In this project you, will analyze a dataset containing annual spending amounts for internal structure, to understand the variation in the different types of customers that a wholesale distributor interacts with.
Instructions:
In [1]:
# Import libraries: NumPy, pandas, matplotlib
%matplotlib inline
import numpy as np
import pandas as pd
import matplotlib.pyplot as plt
from scipy import stats
import warnings
warnings.filterwarnings('ignore')
import seaborn as sns
sns.set()
# Read dataset
data = pd.read_csv("wholesale-customers.csv")
print "Dataset has {} rows, {} columns".format(*data.shape)
data.head() # print the first 5 rows
Out[1]:
In [2]:
#visualize
sns.pairplot(data,size=2)
Out[2]:
In [3]:
data.describe()
Out[3]:
In [4]:
#Correlation Table
data.corr()
Out[4]:
1) In this section you will be using PCA and ICA to start to understand the structure of the data. Before doing any computations, what do you think will show up in your computations? List one or two ideas for what might show up as the first PCA dimensions, or what type of vectors will show up as ICA dimensions.
Answer:
PCA is used for two cases: one is to look correlation between the features of the data and second to perform feature reduction. It produces low-dimensional representation of a dataset . It finds sequence of linear combinations of variables that have maximal variance and are mutually uncorrelated.
PCA finds vectors on which the projected data has maximum variance. ICA, on the other hand, finds vectors on which the projected data is statistically independent.In a more practical way we can say that PCA helps when you want to find a reduced-rank representation of your data and ICA helps when you want to find a representation of your data as independent sub-elements. In layman terms PCA helps to compress data and ICA helps to separate data.
PCA will create new features that minimizes the information loss .
As per the std(standard deviation) 'Fresh' and 'Grocery' have biggest impact on first Principal component, and can show better differntiate between customer segments.
Looking at correlation table, Grocery with Milk and Detergents Paper are highly correlated to each other, so we could expect the this new composite feature would take in 'features' of all three to make this new one component.
For ICA: All features are used.It will be 6x6 matrix , as we need to get independent components.ICA is not used for reduction , it selects components so that the distribution carries a maximum amount of independent information.
We are using all 6 features, and each vector most probably shows a unique cluster of independent items.
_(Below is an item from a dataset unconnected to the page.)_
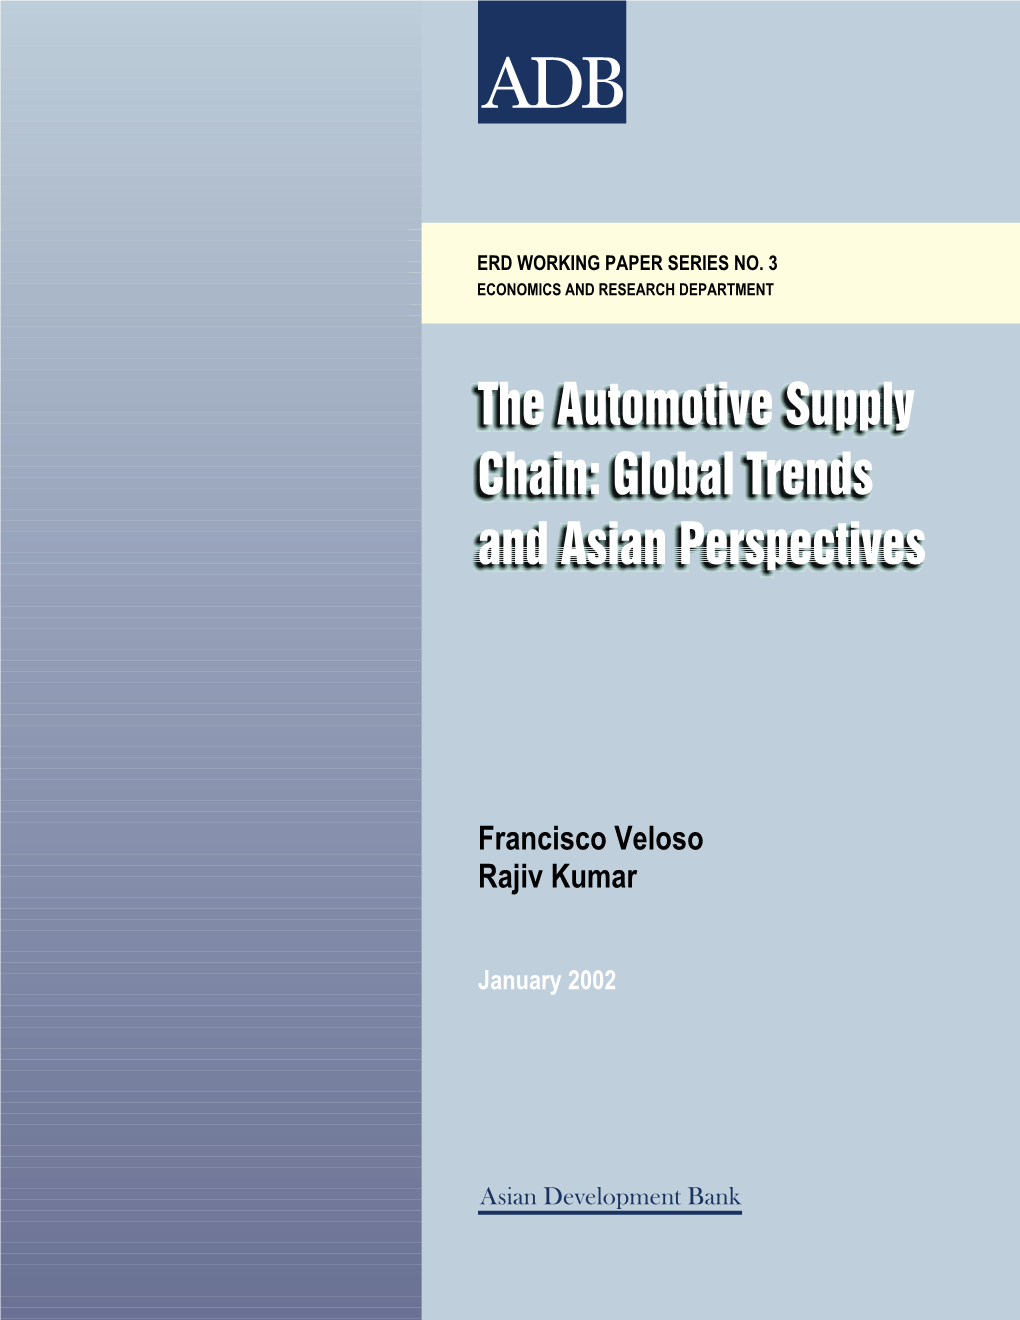 The Automotive Supply Chain: Global Trends and Asian Perspectives

In ICA the basis you want to find is the one in which each vector is an independent component of your data, you can think of your data as a mix of signals and then the ICA basis will have a vector for each independent signal.
In [5]:
# TODO: Apply PCA with the same number of dimensions as variables in the dataset
from sklearn.decomposition import PCA
pca = PCA(n_components=6).fit(data)
# Print the components and the amount of variance in the data contained in each dimension
print pca.components_
print "\n"
print pca.explained_variance_ratio_
In [6]:
plt.plot(np.cumsum(pca.explained_variance_ratio_), '-')
plt.xlabel('number of components')
plt.ylabel('cumulative explained variance');
2) How quickly does the variance drop off by dimension? If you were to use PCA on this dataset, how many dimensions would you choose for your analysis? Why?
Answer:
As per the 'explained_variance_ratio' the variance drops sharply after second component (0.4->0.07) and then there is slow drop off.
The goal is to minimize the information loss and maximize the variance.
There can be two methods to choose the pca components : first can be ,choose dimensions which retain>95% of the variance or by the elbow method (as per the graph where variance drops off).
By firt method: as per the ratios the total of first three components retains majority of information - (approx. 93%). By Second method: as per graph , the first two components retain 86% of the information ,so that is also not bad.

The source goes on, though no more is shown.